Depois de períodos espinhosos, uma pandemia ou uma guerra, já assistimos, no passado, a uma retoma material e espiritual por parte dos povos:

Os loucos anos vinte do século XX são um exemplo desse fenómeno social.

Em Portugal, especificamente, vivemos uma loucura discreta.

Afinal, logo em 1928, houve um verdadeiro insano que assumiu a pasta das Finanças e, em 1932, o mesmo demente assumiu o país e queimou o que restava da alegria.

No entanto, os anos vinte ainda permitiram a nossa explosão modernista.

A minha admiração pelo Modernismo Português remonta ao ensino secundário e universitário.

Trata-se de uma geração de ruptura e desafio, o que seduz qualquer jovem.

Ainda hoje me fascinam: persigo filmes, exposições, biografias e documentários desta época.

Acho até que me apaixonei, aos dezoito anos, por esta fotografia de Santa Rita-Pintor.

Santa-Rita Pintor foi um dos organizadores da revista Orpheu e era o dinamizador da revista Portugal Futurista. Só existiu o número 1 desta última revista, uma vez que todos os exemplares foram apreendidos à porta da tipografia, devido ao seu teor “subversivo e obsceno”.

Nada pode ser mais inebriante do que este tipo de pormenores.

Quanto ao pintor Amadeo de Souza Cardoso, saltou de Manhufe para Paris, com a paleta debaixo do braço.

Aguardo, ansiosamente, pela estreia do filme sobre Amadeo de Souza Cardoso de Vicente Alves do Ó. Acredito que seja este ano.

A estreia do filme tem sido adiada por causa da pandemia.

Amadeo de Souza Cardoso morreu de gripe espanhola. Infelizes coincidências.

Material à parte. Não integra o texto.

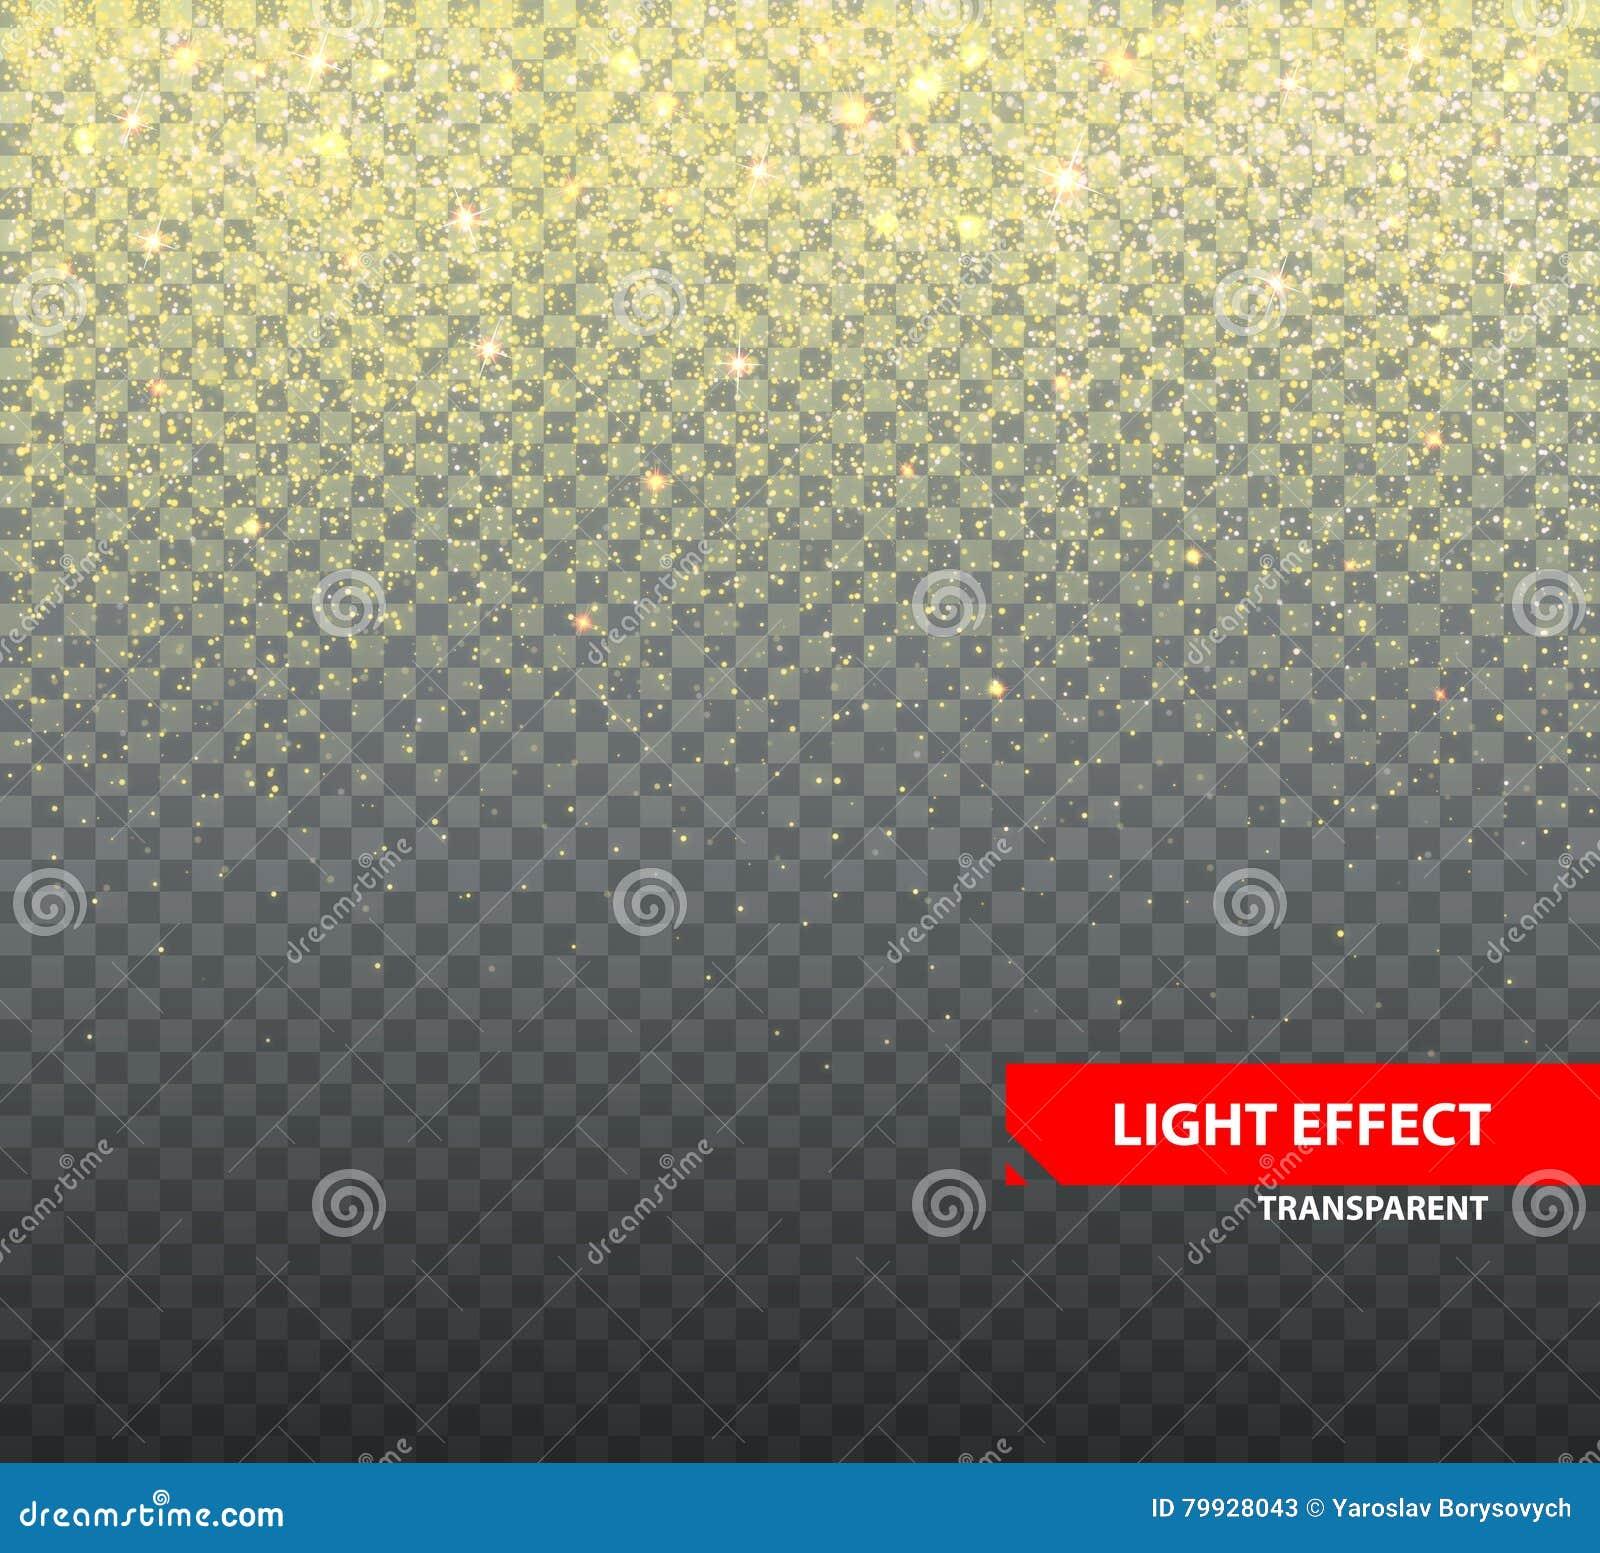 Sparkling Glitter On Transparent Background For Greeting Cards

A obra de Fernando Pessoa, Almada Negreiros, Sá Carneiro ou de Amadeo jorrou em rompantes criativos, aparentemente sem esforço e com uma originalidade genial e chocante para a época.

Sá Carneiro e Fernando Pessoa eram, socialmente, mais contidos.

Almada era extravagante e Amadeo era… pintor.

Muito me fascina a sua figura.

Decidido e sobranceiro.

Estes génios fitam-nos e interpelam-nos: E, tu, o que fazes?

Não queriam discípulos; queriam soldados para a sua revolução cultural.

São inspiradores!

Ainda hoje procuram soldados para esta batalha!

Eu alistei-me na sua milícia pacífica.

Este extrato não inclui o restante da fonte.